Indiana coach Rick Carlisle was Brunson’s first NBA head coach in Dallas and held him in check for his first three seasons in the league more than any defender has since. Tyrese Haliburton became a friend when he and Brunson played together on Team USA last summer, but Haliburton got a spot on the team headed to the Paris Olympics this summer and Brunson did not.

Brunson will never admit it, but you can be sure that somewhere in his mind, those slights are adding up.

“That is a good question,” Brunson said. “In all honesty, I said this last time, you’re in the playoffs now, there is no extra motivation. It is what it is. The past is the past. Rick welcomed me into the league and helped me become the player [I am today] and helped me grow from Day 1. Coaches got to make decisions that better suit their teams. Whatever happened happened, and we’re moving forward from there.”

Brunson averaged 35.5 points and 9.0 assists in the first round to lift the Knicks past Philadelphia.

Haliburton, who was as good as anyone in the NBA before suffering a hamstring strain in January, averaged 16.0 points and 9.3 assists in the Pacers’ six-game win over the Milwaukee Bucks in the first round.

“Great player,” Brunson said. “We met a couple of times, but we didn’t really become friends until last summer. Great guy, great family. He became one of my friends obviously through the experience last summer, and I have all the respect in the world for him and the way he plays the game. He goes out there and plays the right way and does what he needs to do.”

As always, the proper words are spoken by Brunson. But you know that until he retires, those chips and slights will be placed in a spot where he can feed off them.

Does he need them?
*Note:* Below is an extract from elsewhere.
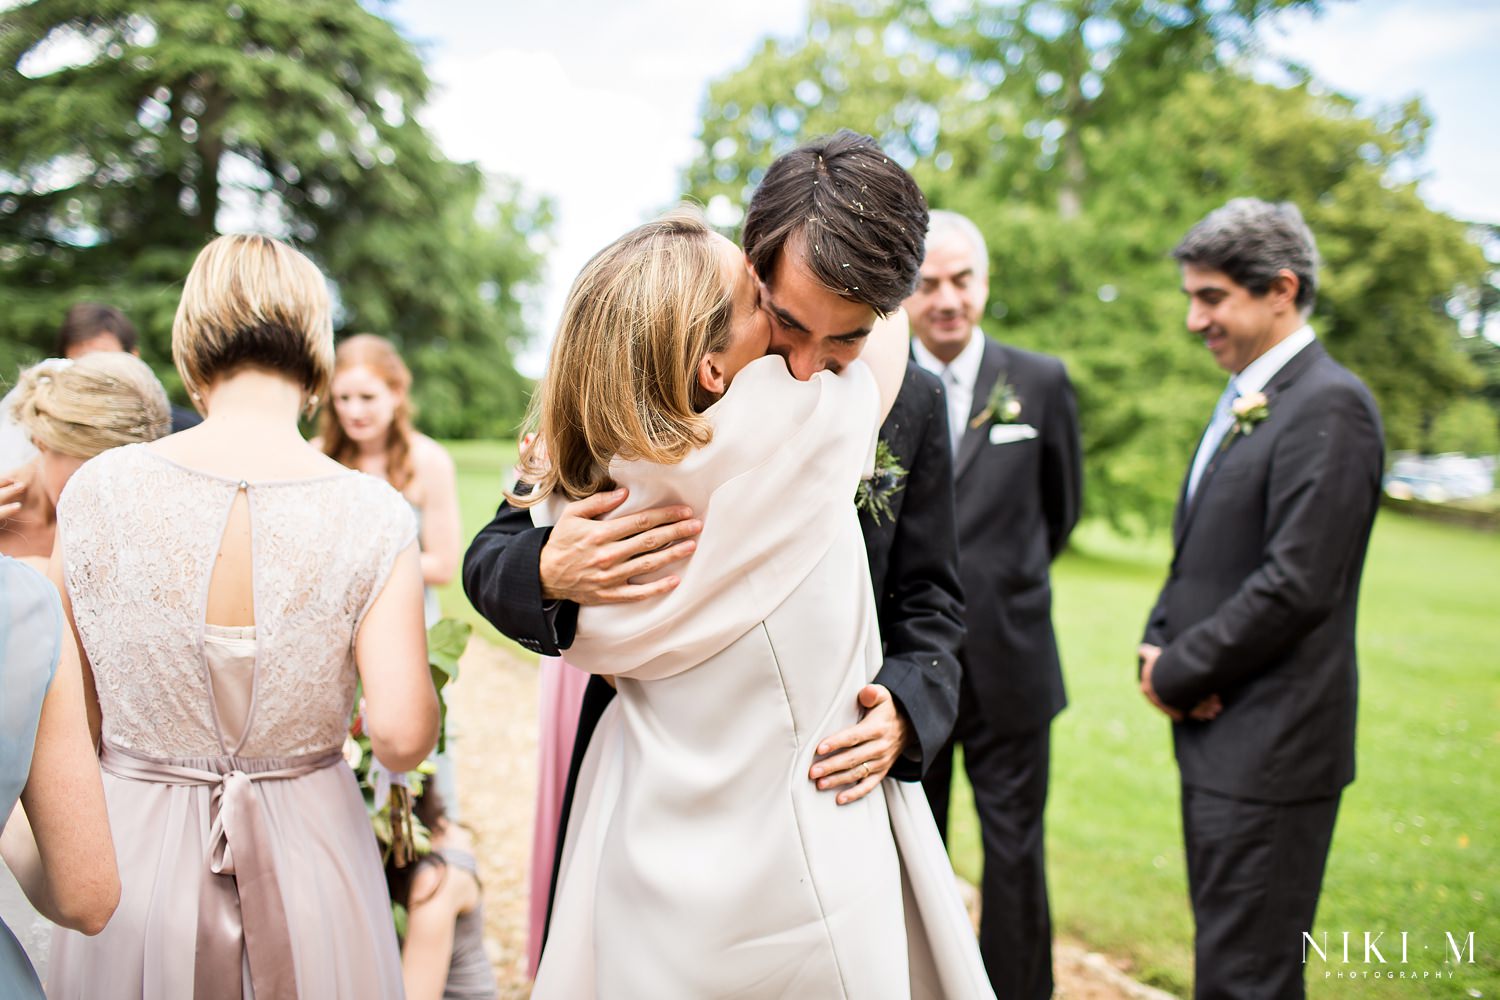 Couple are congratulated after their marriage ceremony at Chateau de la Bourlie Dordogne Wedding

No. Will he use them? Yes.

“He’s someone that playoff time, when the ball tips, he has nothing to say to [Carlisle],” Josh Hart said. “Once the series is over, [he’s] going to go back to having a great relationship. I know however many games this next series is, he views [Carlisle] as an enemy.”

Brunson not only has established himself as an MVP candidate this season but has continued to build his postseason reputation.

It’s one that began in Dallas after Carlisle departed and gave way to Jason Kidd as the Mavericks’ coach. Last season with the Knicks, Brunson exploded in the second round against Miami before committing a turnover in the final moments of Game 6, a play that still replays in his mind.

After struggling with his shooting through the first two games of the first round, he found his footing, putting up historic scoring numbers in the final four games — 41.8 points and 10.3 assists per game.

It may surprise Carlisle and it may fray some nerves for Grant Hill, who put together the U.S. Olympic team, but it didn’t surprise Knicks coach Tom Thibodeau.

“I was pretty confident because I watched him grow up,” Thibodeau said. “And so, just watching him in the gym — you don’t know initially. He’s a young kid. But the way he grew up in a gym with pros, the questions he would ask and the way that his father [Rick, a Knicks assistant] would work him out, you saw each step how much he was growing.

“When he got to high school, you’re like, this guy has a chance to be pretty good.

“And then you add to that his experience with USA Basketball in high school and then, of course, college. And the thing is, it’s like, every year he’s gotten better. And that’s a testament to him and his work ethic. But you saw just the way he shot the ball, and I think the shooting probably gets overlooked. He put a lot of work into it. But it doesn’t surprise me.”